VPA increases CDKN1A and TP53 while reducing MYC in MB-derived neurospheres. (A) Relative mRNA levels of CDKN1A and MYC in the D283- and Daoy-derived MB neurospheres were verified using RT-qPCR. (B) Relative mRNA levels of TP53 in the D283-derived MB neurospheres were verified using RT-qPCR. (C) ChIP-qPCR for H3K9ac occupancy of the promoter region of TP53 in the D283-derived neurospheres. Experiments were conducted using the IC₅₀ concentration (2.3 mM for D283 and 2.2 mM for Daoy) of VPA for 48 h. Results are the mean ± SD of three independent experiments; * p < 0.05, ** p < 0.01, and **** p < 0.0001 compared to the controls.
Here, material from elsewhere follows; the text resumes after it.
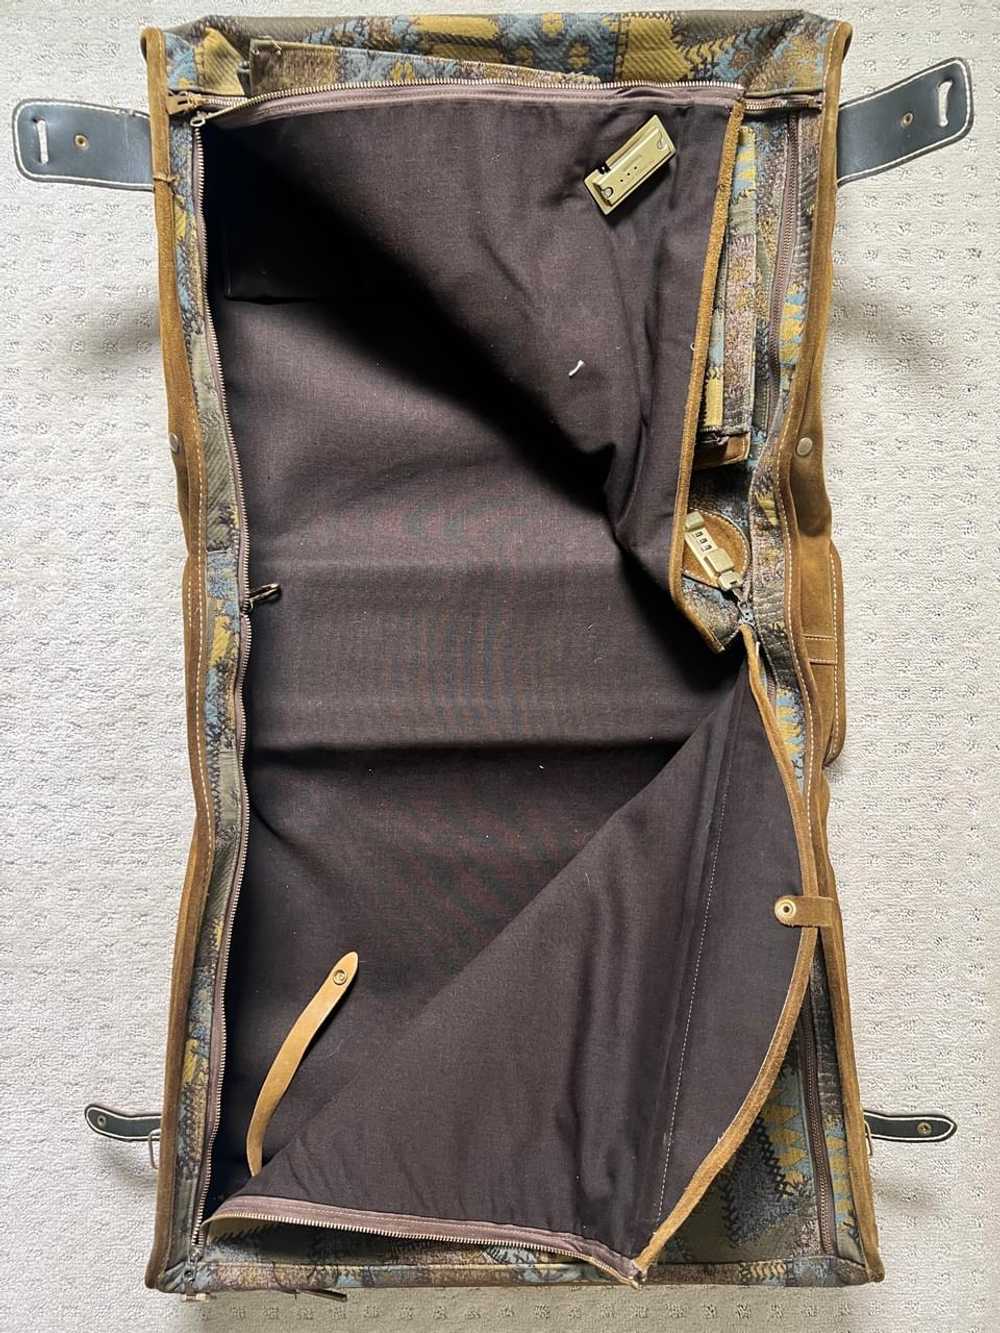 Garment bag or travel/storage suitcase - image 3

For the ChIP results * p < 0.05 and ** p < 0.01 comparing the VPA-treated cells versus the controls immunoprecipitated with anti-IgG or anti-H3K9ac; # p < 0.05 comparing the samples immunoprecipitated with the same antibody (IgG versus H3K9ac) between the VPA-treated and control groups.

Figure 5

VPA effects on features of neuronal differentiation in MB cells. (A) Representative images of morphological changes in the VPA-treated and control D283 and Daoy MB cells. (B) Relative mRNA levels of TUBB3 and ENO2 in the MB cells were verified using RT-qPCR. (C) Immunofluorescence assay against neuronal differentiation marker protein beta III tubulin and nuclei marker (DAPI). (D) Relative mRNA levels of TUBB3 and ENO2 in the VPA-treated and control neurospheres derived from either D283 or Daoy cells were measured using RT-qPCR. (E) Immunofluorescence assay against neuronal differentiation marker beta III tubulin and nuclei marker (DAPI) in the VPA-treated and control neurospheres. The IC₅₀ concentration of VPA (2.3 mM for D283 and 2.2 mM for Daoy) was used for treatment. Cells were exposed to VPA for 48 h. Fluorescent images were taken with an inverted microscope with a magnification of 10× (monolayer) or 20× (neurospheres). Results are the mean ± SD of three independent experiments; ** p < 0.01, *** p < 0.001, and **** p < 0.0001 compared to the controls.

Figure 6

Schematic model highlighting selected aspects of VPA-induced molecular and functional effects in MB. Exposure to VPA leads to a reduction in MB cell cycle arrest and differentiation in the MB monolayer and neurospheres. VPA can increase TP53 while reducing MYC expression, potentially inhibiting stemness and promoting features of differentiation.